# [SOURCE DATA]
#####

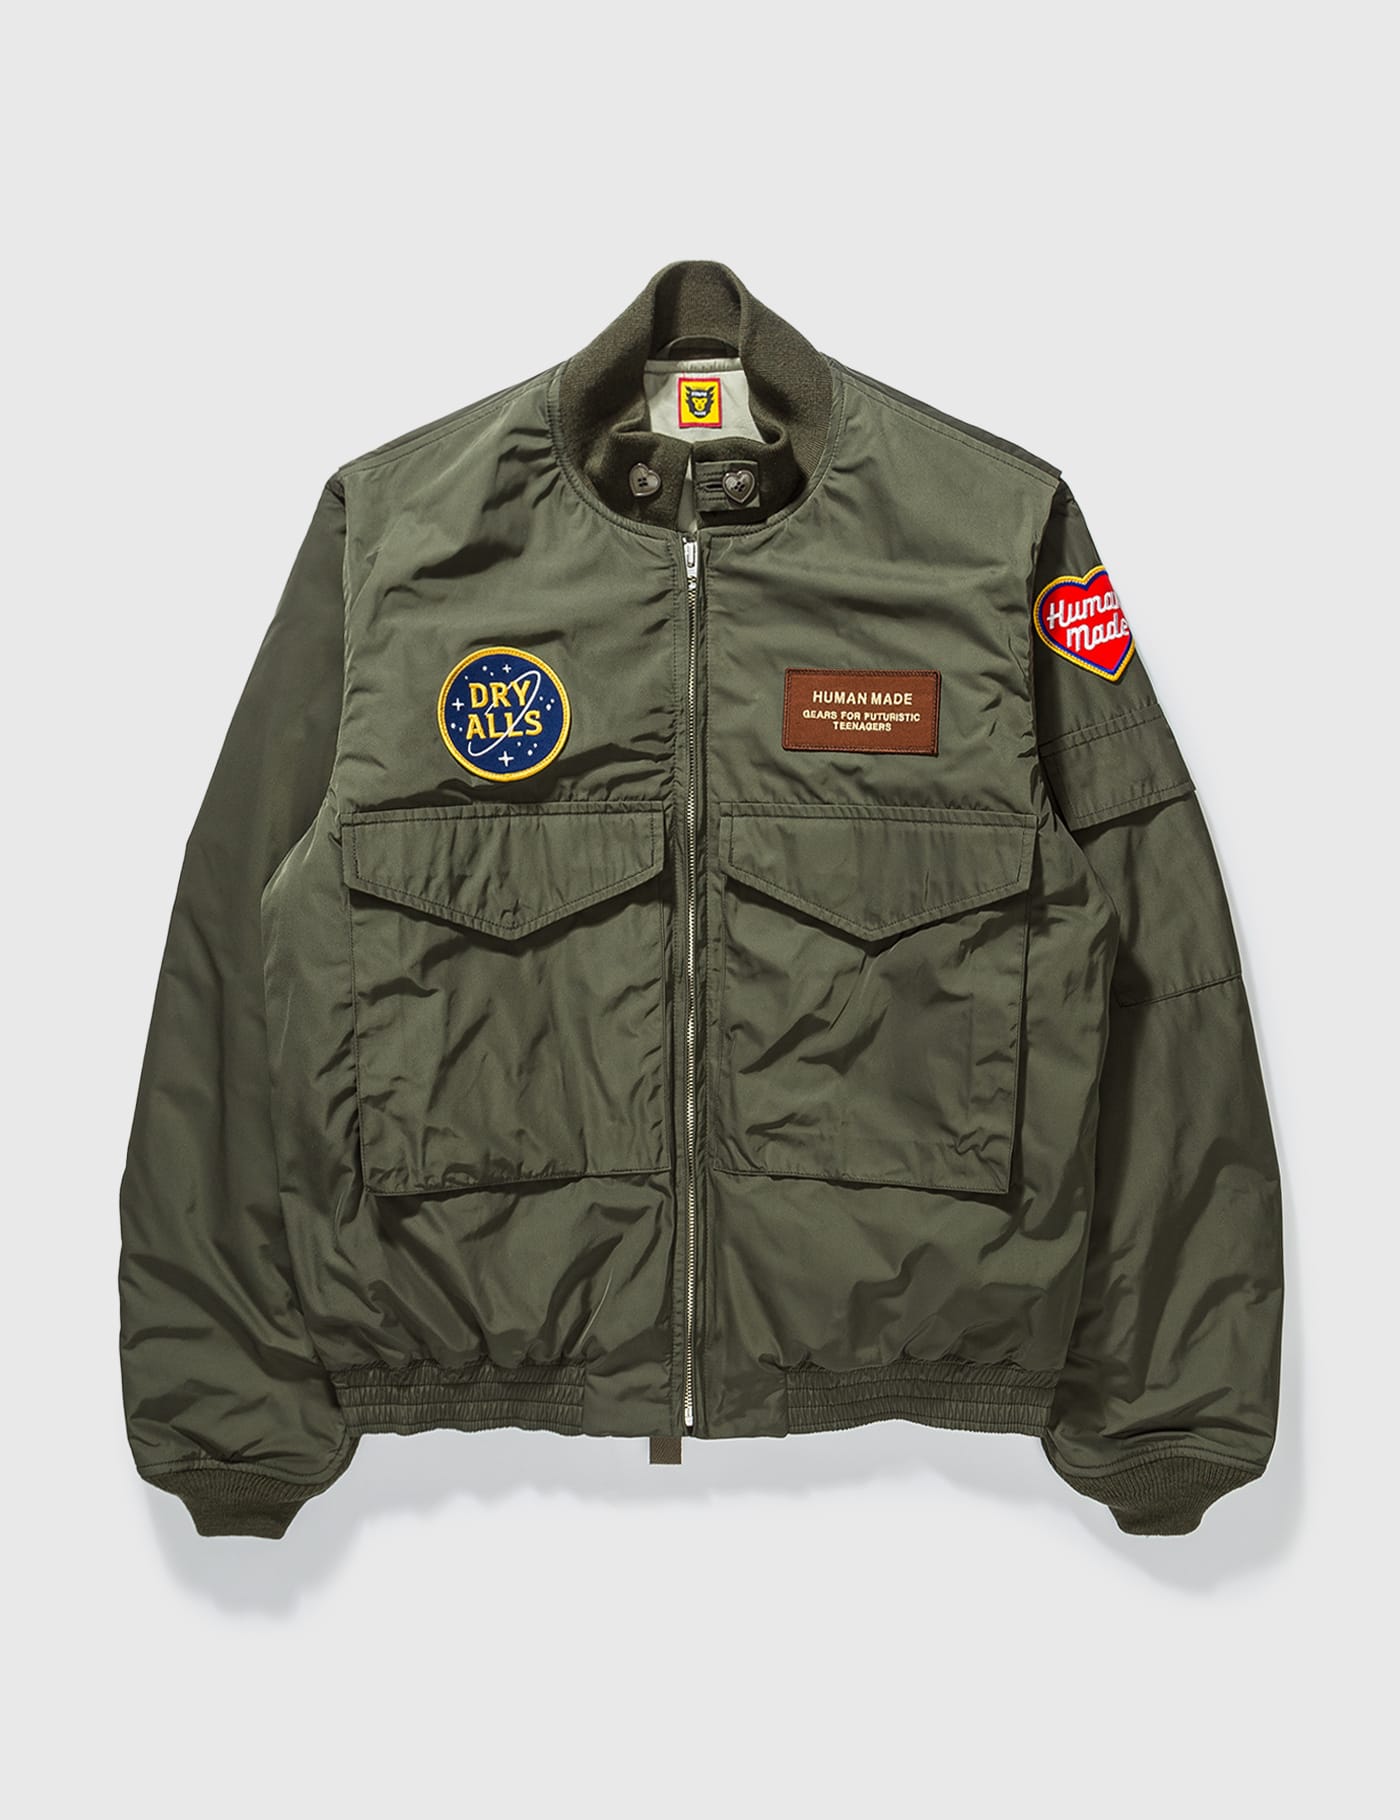 Human Made - Flight Jacket | HBX - Globally Curated Fashion and
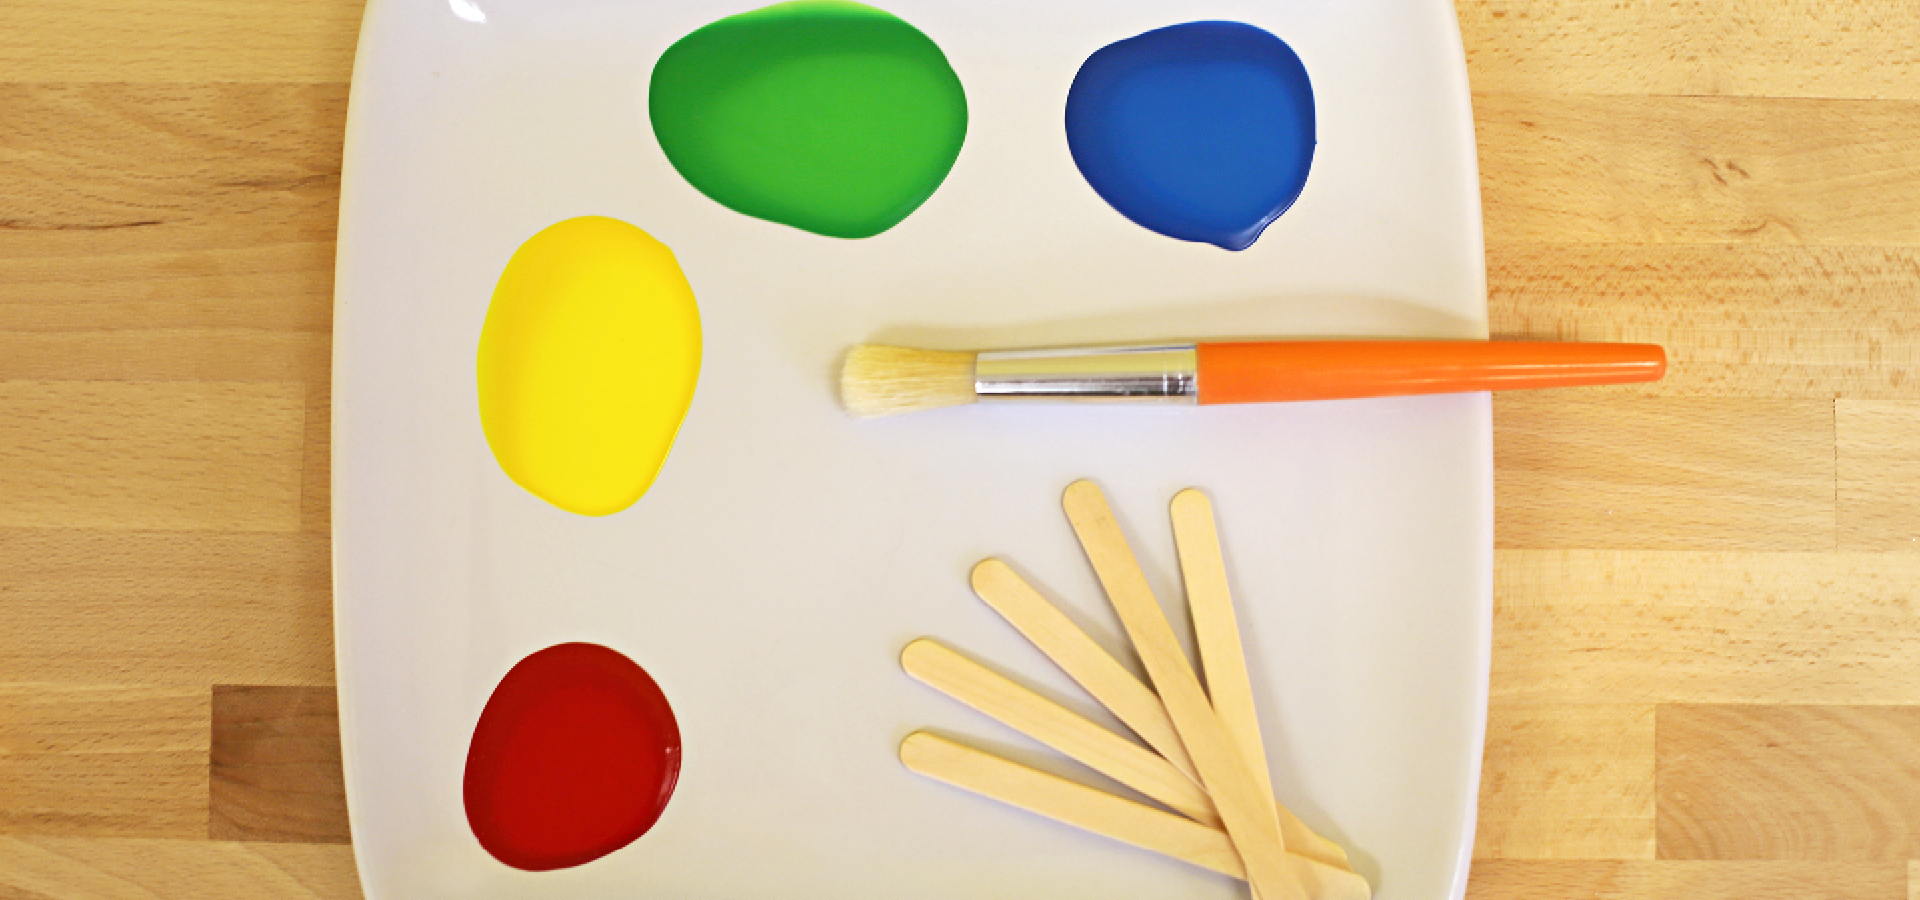 White paint tray with multicolored paints, a paintbrush, and ice pop sticks
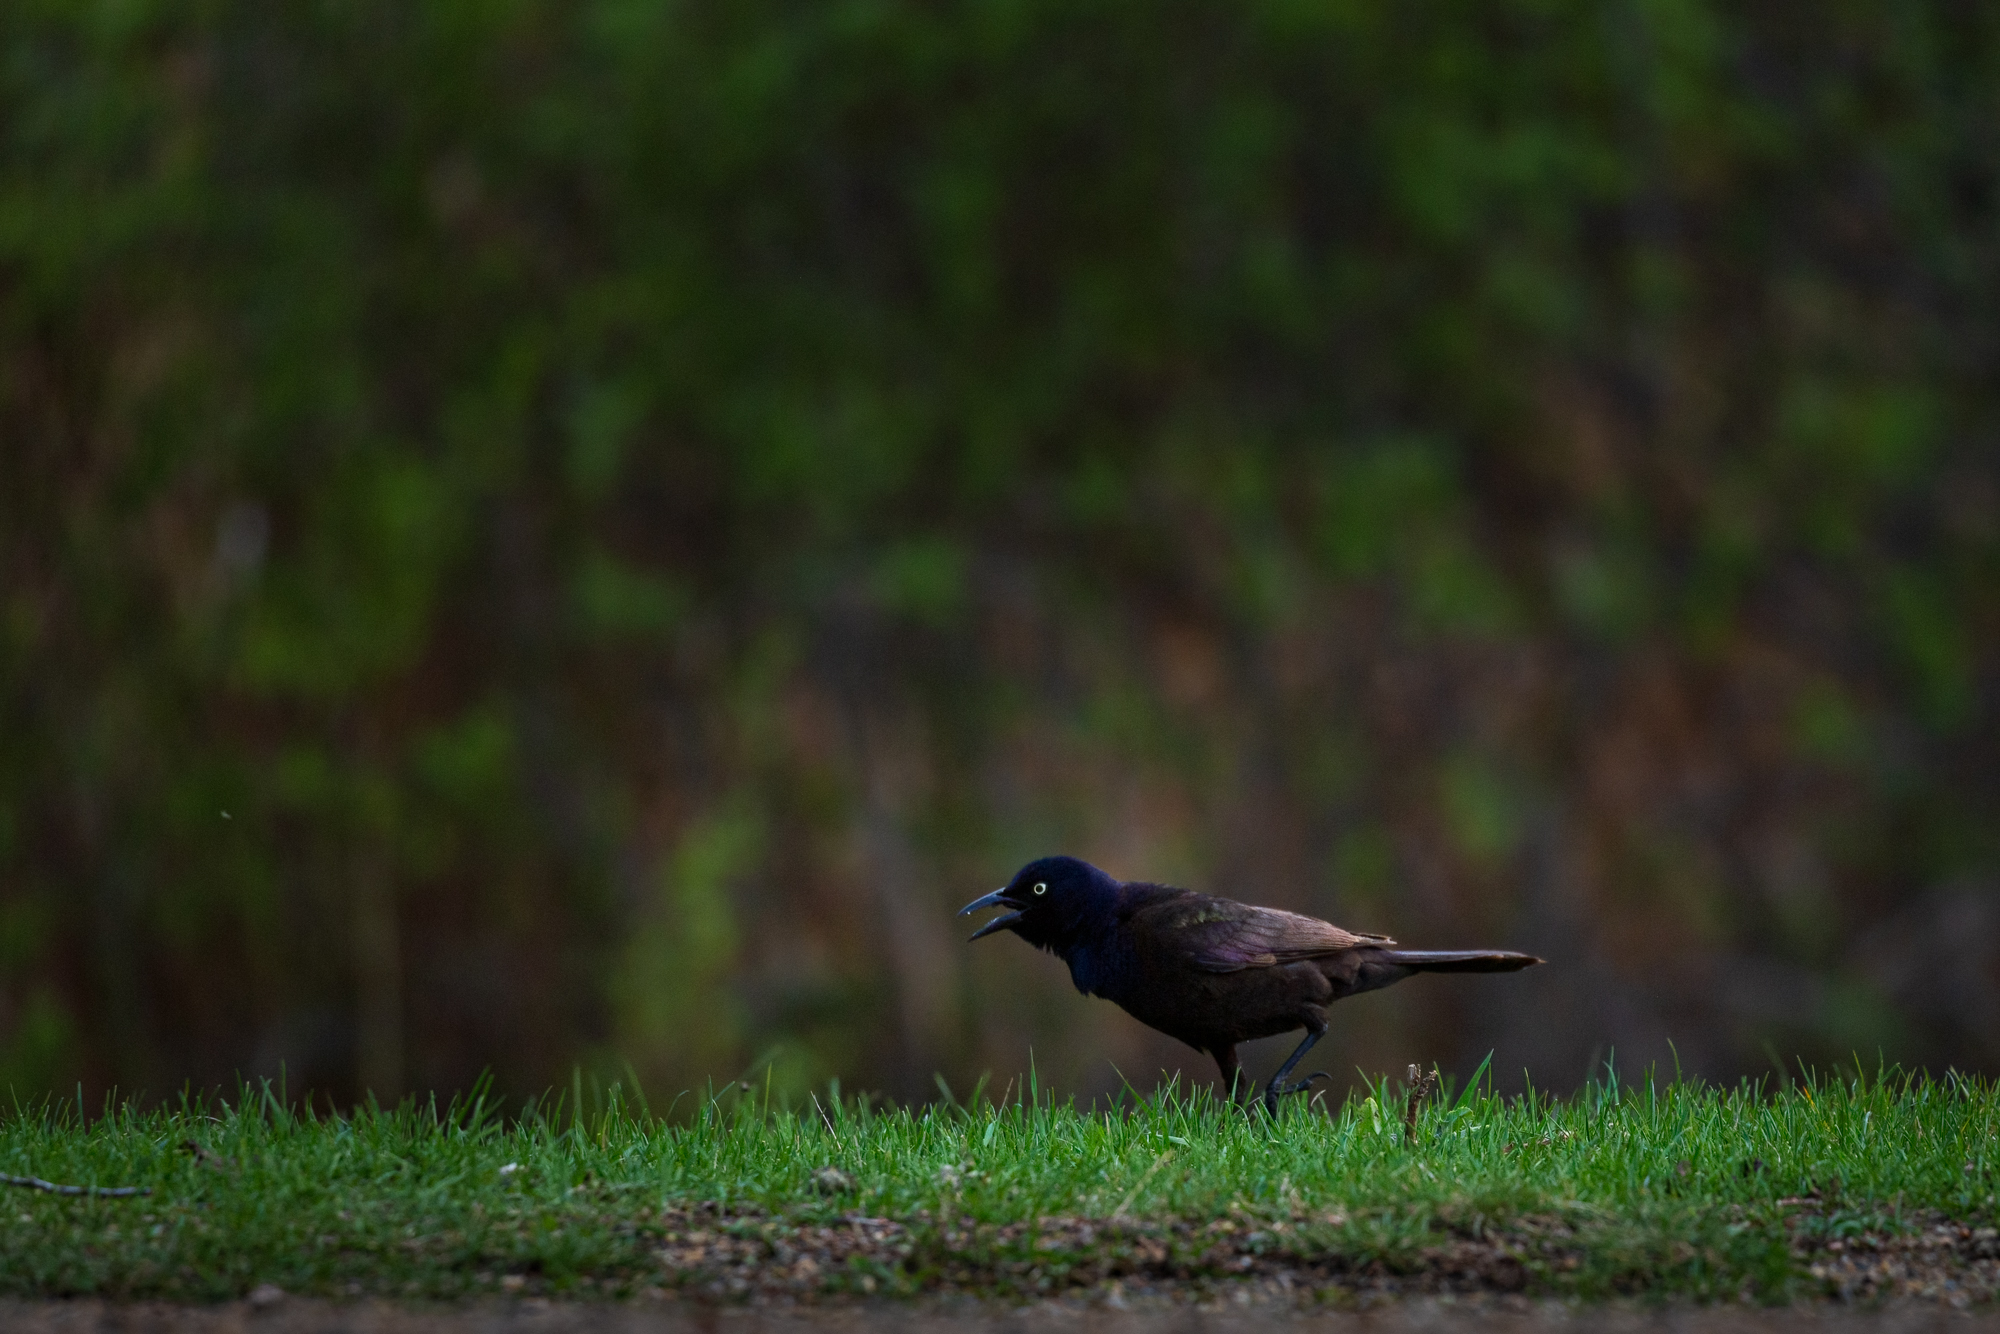 Common Grackle on the grass
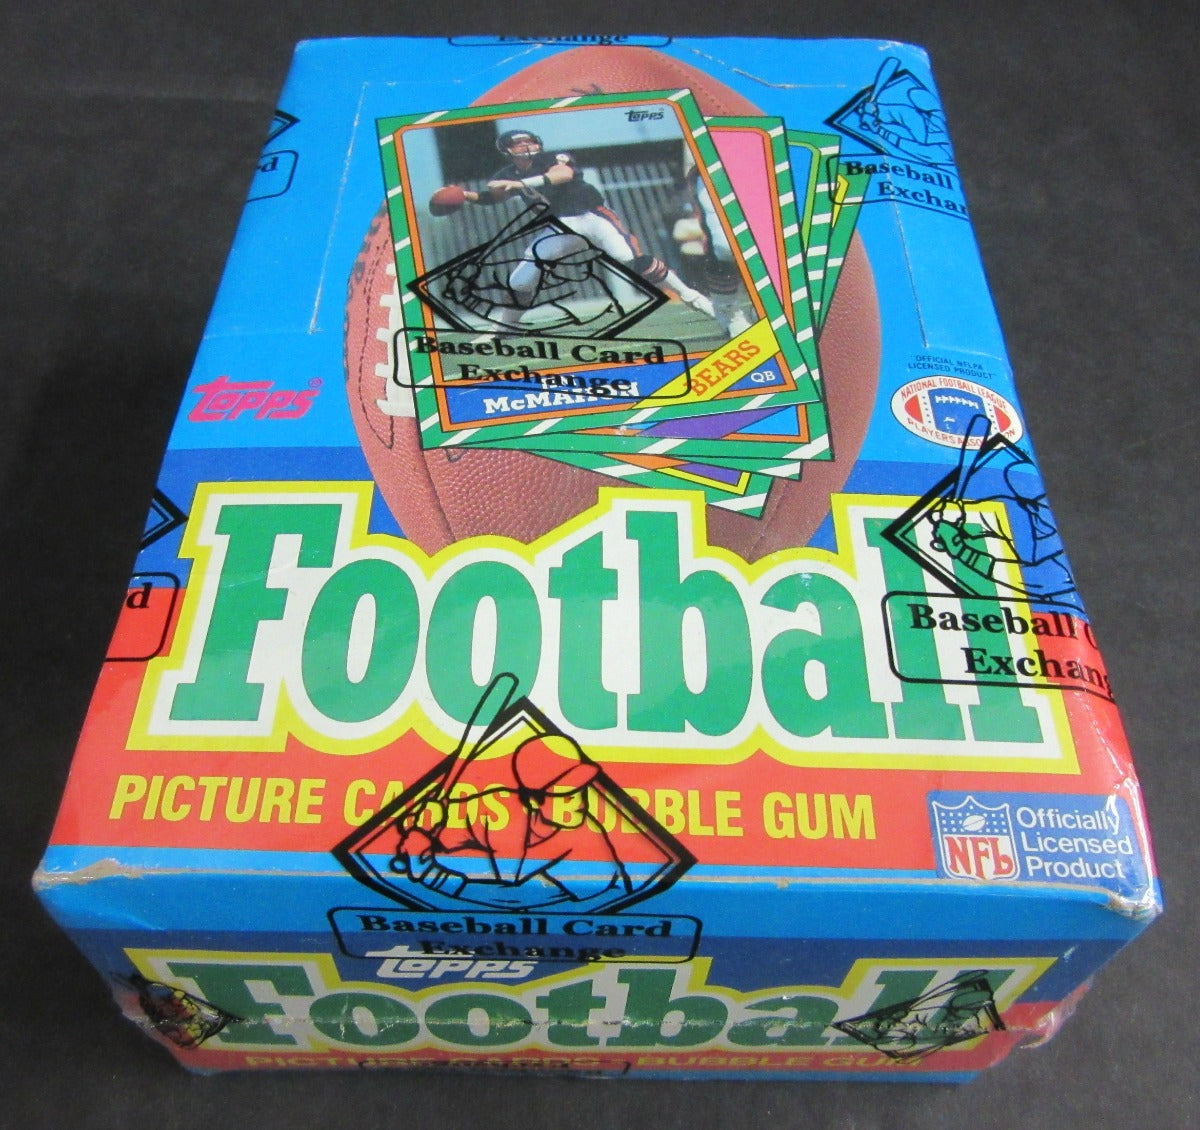 1986 Topps Football Unopened Wax Box (BBCE) (Non X-Out)

#####

# [YOUR INSTRUCTIONS]
The required output is the line containing "Common Grackle on the grass" plus every line after it to the end of the data, copied exactly and with no pictures.

# [ANSWER TO THIS EXERCISE]
 Common Grackle on the grass
 1986 Topps Football Unopened Wax Box (BBCE) (Non X-Out)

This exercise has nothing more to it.